My guess is that you need something about the size of a #10 crochet cotton. Fingering is about what would be used for socks, so sock yarn size. Check out #10, JoAnn's has it so does Hobby Lobby, and Ben Franklins (if you have one of those). If you have a yarn store they may be of more help than me.


----------



## hotzcatz (Oct 16, 2007)

Seems like you'd have to find a local yarn shop or somewhere that has more cotton selections than just the usual Sugar & Cream cotton. Would using a couple of thinner cotton yarns work? What do you call that cotton that is on a big wide cardboard roll? Most folks crochet doilies out of it? Using several strands of that might work.

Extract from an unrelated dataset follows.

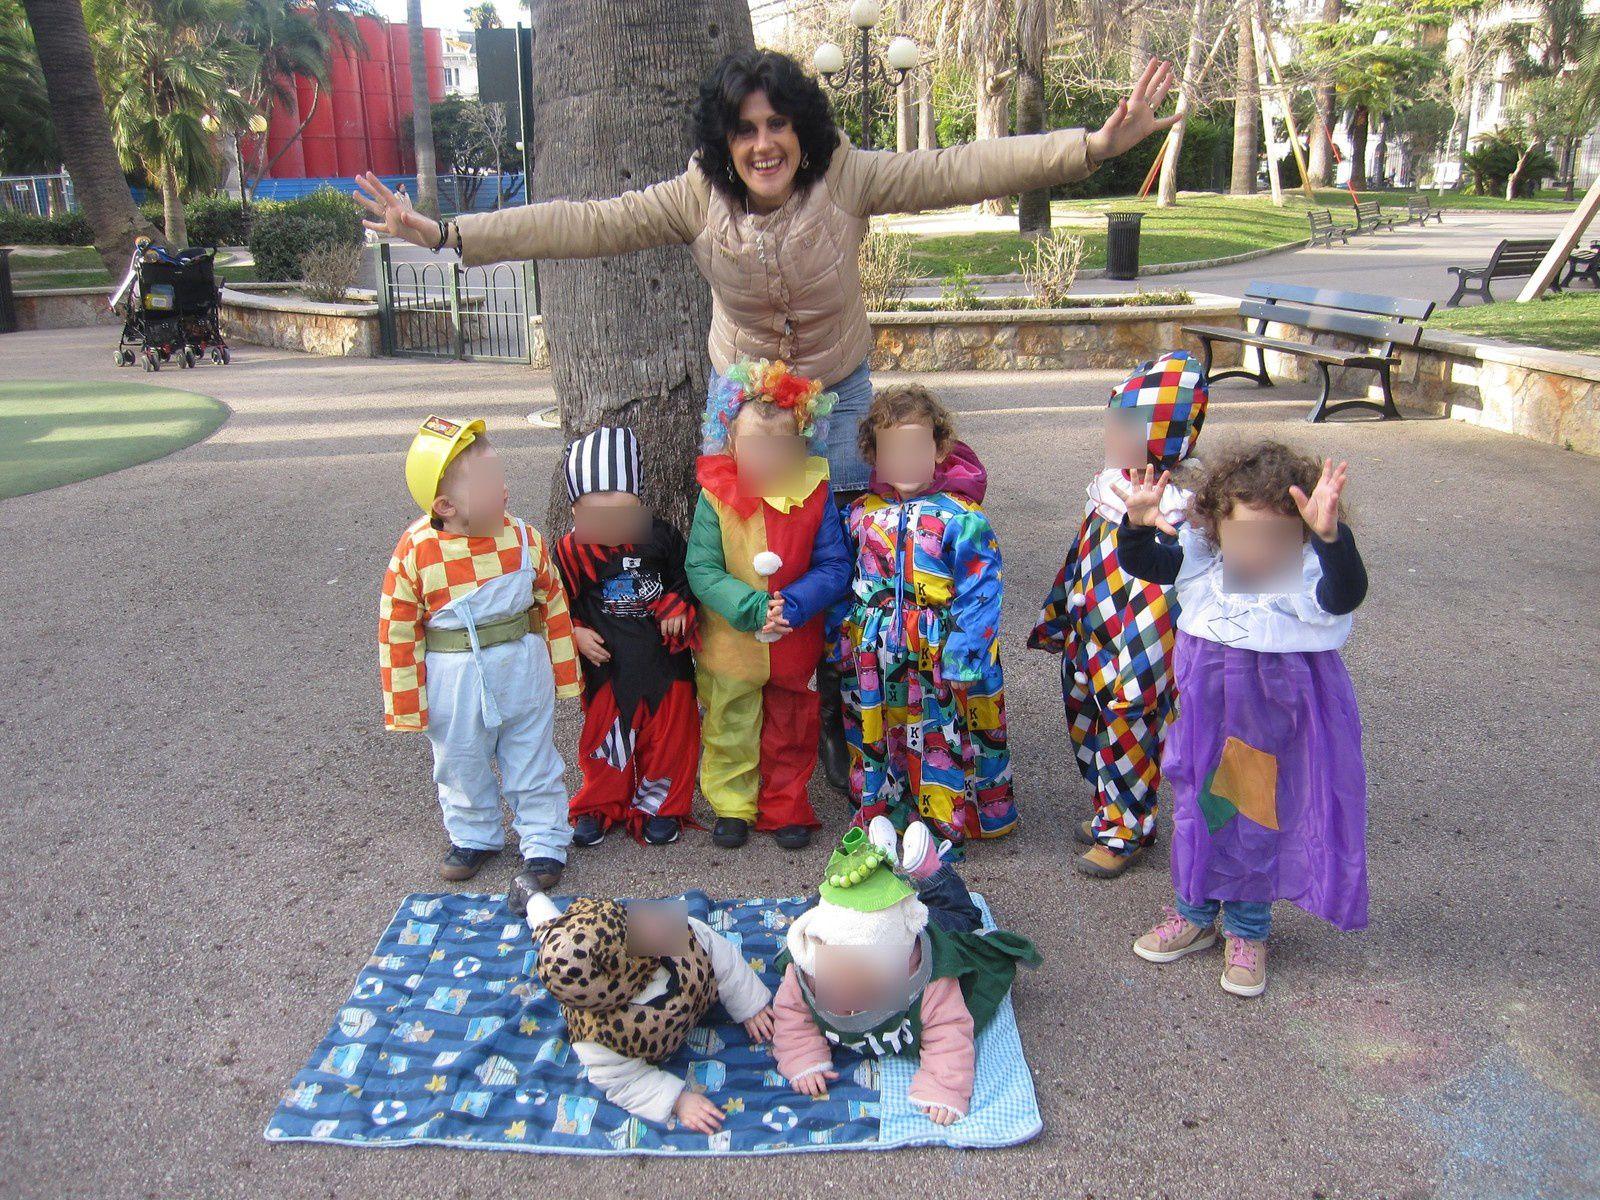 Nos petits bouts fêtent carnaval......

I did a search on WEBS yarns website for 100% cotton, fingering weight yarns. There's a Cascade in fingering weight, 100% cotton. That's $5 a 50 gram ball. 

Rowan Summerlite at $8.95 for a 50 gram ball. 100% cotton, fingering weight.

Schachenmayr Egypto Cotton is on sale at $4 a skein, down from $7.50 and it's also in 50 gram balls.

A more expensive but color blended Schachenmayr Tahiti is available at $8.95 for a 50 gram ball.

Sesia Bio Sesia 5 is an organic cotton made in Italy. It's $8 a ball in 50 gram balls.

Sirdar Cotton 4 Ply is in 100 gram balls, so even though it's $9 per ball, the comparable price would be half that amount.

And, then Rowan's Classic Siena 4 Ply at $10 a ball for a 50 gram ball is the most expensive one they have listed for a fingering weight cotton in their "washable" cotton section. They say it is "mercerized" so maybe that's what makes it more expensive?

They didn't have any other choices for 100% cotton fingering weight in their regular cotton section and their crochet cotton section only has cones and doesn't quite say what the yarn weight is. They mention so many yards per pound.

Another option might be linen: Katia Lino 100% although at $9 a ball for a 50 gram ball, it's not the least expensive selection.


----------



## Debbie in Wa (Dec 28, 2007)

thank you hotzcatz for the links. I was looking at those form the yarn store and wondered if I was looking at the right thing. I guess I will order a skein or two ans wee how they work.


----------



## RedDirt Cowgirl (Sep 21, 2010)

Check out DMC's Baroque
http://www.dmc-usa.com/Products/Needlework-Threads/Crochet-Threads.aspx


----------